The watchdog mechanism monitors CPU, Erlang-IO, disk and a storage cluster status in order to keep running a node stably. Also, this mechanism communicates with the MQ mechanism and the auto-compaction/compaction mechanism. Their processings - comsumption of MQ’s messages and deletion of unnecessary objects are affected by this mechanism.

Getting Started

Pre-requirement

Note

We have supported this mechanism for CentOS 6.5/7.0, Ubuntu Server 14.04 LTS, FreeBSD and SmartOS. And also, disk monitoring is using the iostat command and df command, you need to install it before getting started the watchdog.

Configuration of LeoFS Gateway

Note

All default setting of the watchdogs are disabled.

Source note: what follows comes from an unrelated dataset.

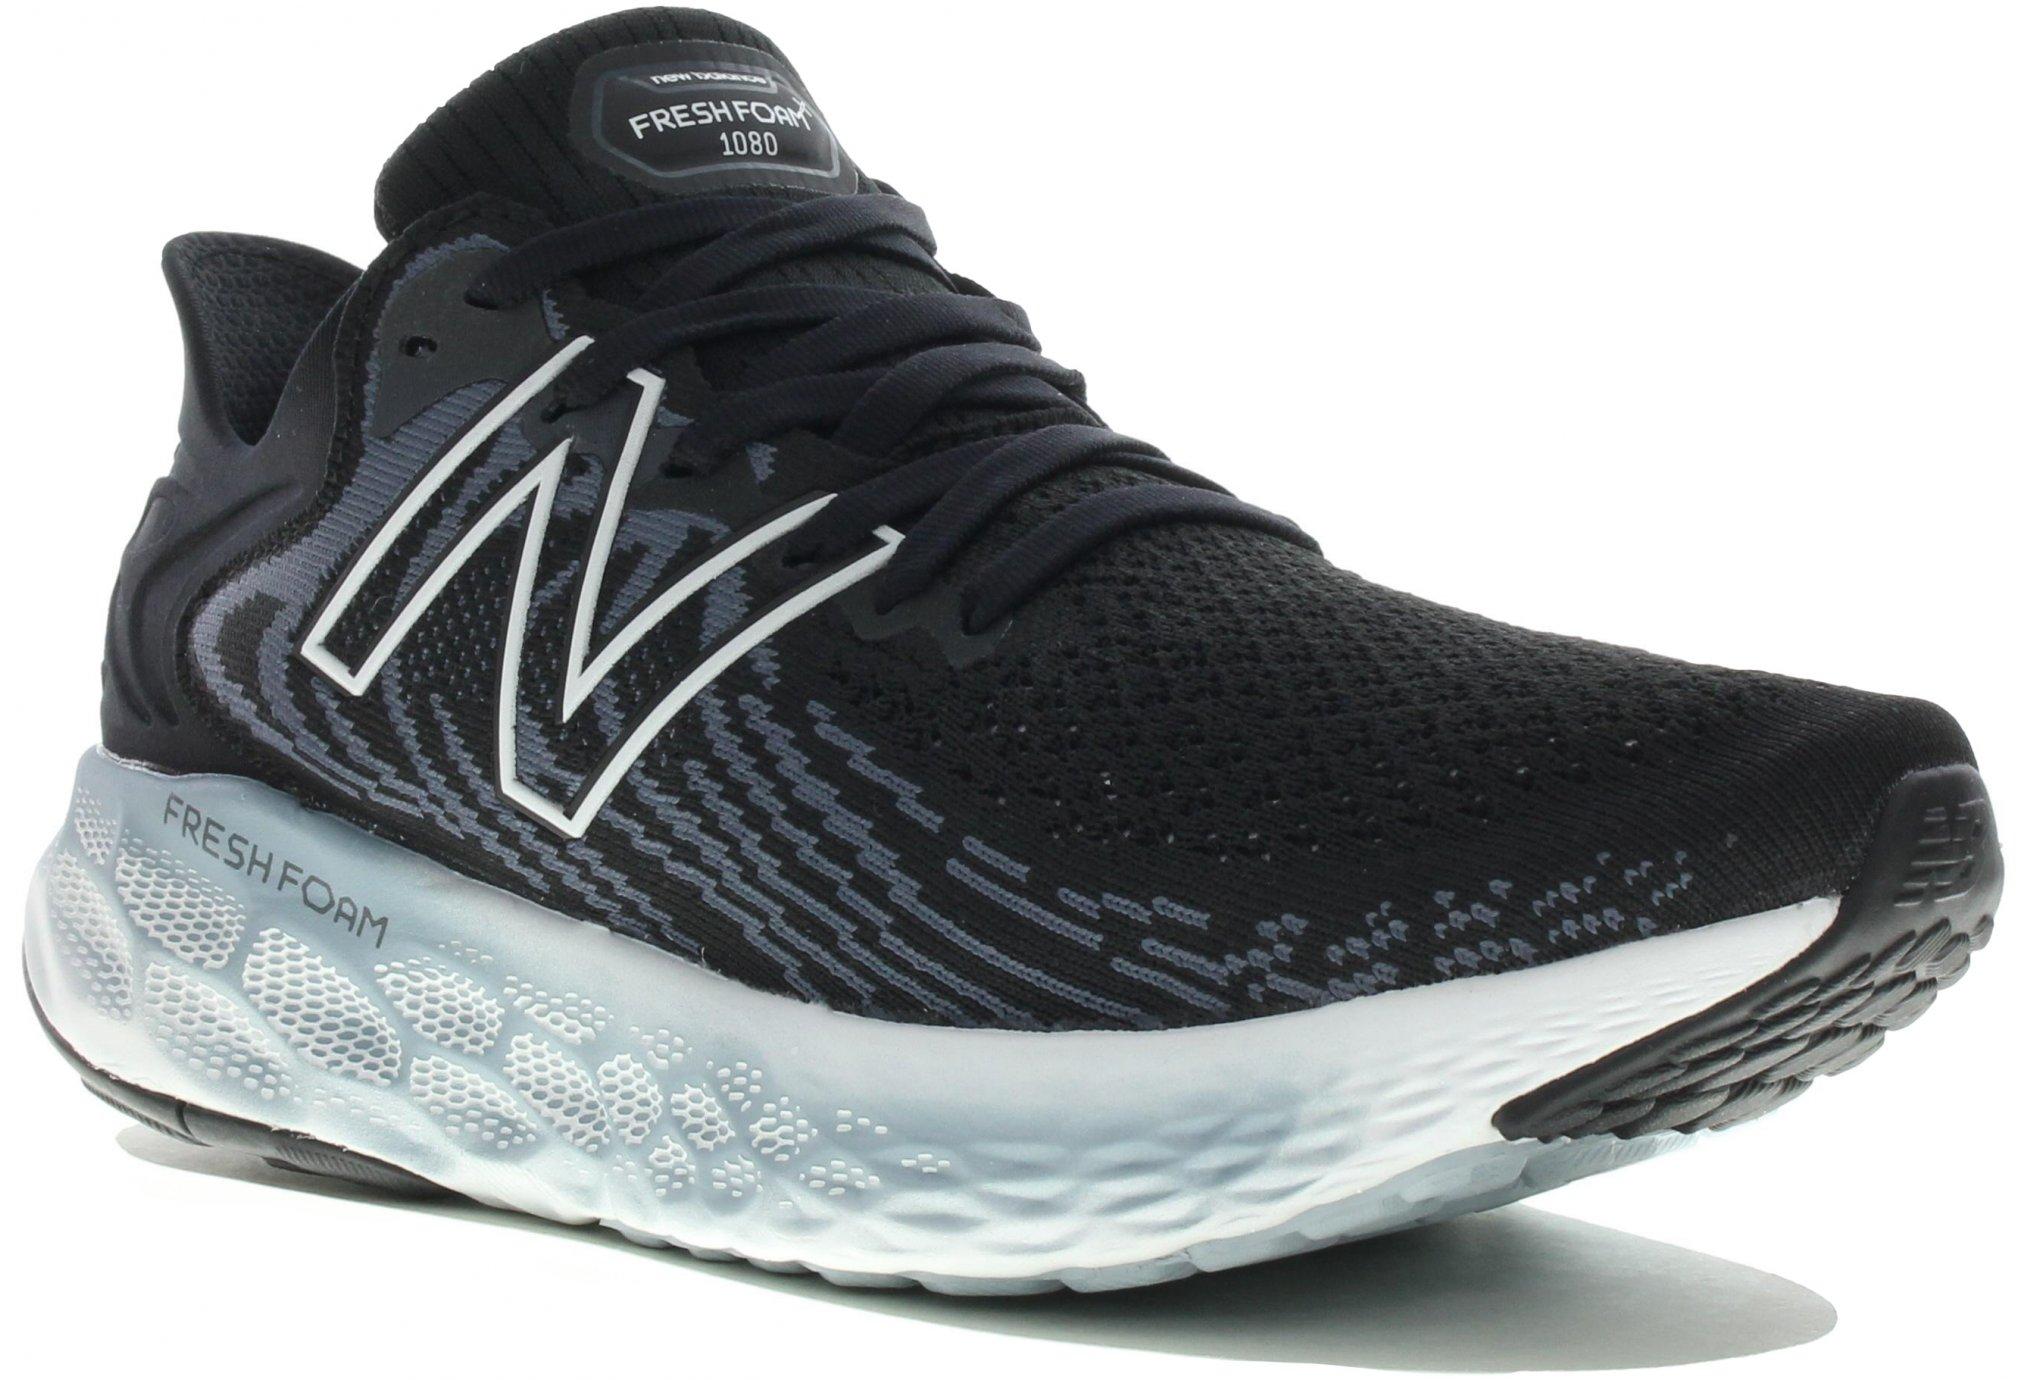 New Balance Fresh Foam W 1080 V11 - B Chaussures running femme

Before getting use this mechanism, you need to turn on them.

Modify leo_gateway.conf at the section of wathdog.

LeoFS Gateway’s watchdog properties:

Property Default value Description
rex (rpc-server)
watchdog.rex.interval 5 Watch interval (sec)
watchdog.rex.threshold_mem_capacity 33554432 Threshold memory capacity for binary (byte)
CPU
watchdog.cpu.is_enabled false Is cpu-watchdog enabled? [true|false]
watchdog.cpu.interval 5 Watch interval(sec)
watchdog.cpu.raised_error_times 3 An error is raised to subscribers when a number of errors reached this configuration.
watchdog.cpu.threshold_cpu_load_avg 5.0 Threshold CPU load avg for 1min/5min
watchdog.cpu.threshold_cpu_util 100 Threshold CPU load util (%)

Configuration of LeoFS Storage

Note

All default setting of the watchdogs are disabled. Before getting use this mechanism, you need to turn on them.

Modify leo_storage.conf at the section of watchdog.

LeoFS Storage’s watchdog properties:

Property Default value Description
rex (rpc-server)
watchdog.rex.interval 10 Watch interval (sec)
watchdog.rex.threshold_mem_capacity 33554432 Threshold memory capacity for binary (byte)
CPU
watchdog.cpu.is_enabled false Is cpu-watchdog enabled? [true|false]
watchdog.cpu.interval 10 | Watch interval (sec)
watchdog.cpu.raised_error_times 5 An error is raised to subscribers when a number of errors reached this configuration.
watchdog.cpu.threshold_cpu_load_avg 5.0 Threshold CPU load avg for 1min/5min
watchdog.cpu.threshold_cpu_util 100 Threshold CPU load util (%)
DISK
watchdog.disk.is_enabled false Is disk-watchdog enabled? [true|false]
watchdog.disk.interval 10 Watch interval (sec)
watchdog.disk.raised_error_times 5 An error is raised to clients when a number of errors reached this configuration.
watchdog.disk.threshold_disk_use 85 Threshold disk usage(capacity) (%) - leo_watchdog is using df command
watchdog.disk.threshold_disk_util 100 Threshold disk util (%) - leo_watchdog is using iostat command
watchdog.disk.threshold_disk_rkb 98304 Threshold disk read KB/sec
watchdog.disk.threshold_disk_wkb 98304 Threshold disk write KB/sec
watchdog.disk.target_devices [] Target devices for checking disk utilization
Cluster
watchdog.cluster.is_enabled false Is cluster-watchdog enabled? [true|false]
watchdog.cluster.interval 1 Watch interval (sec)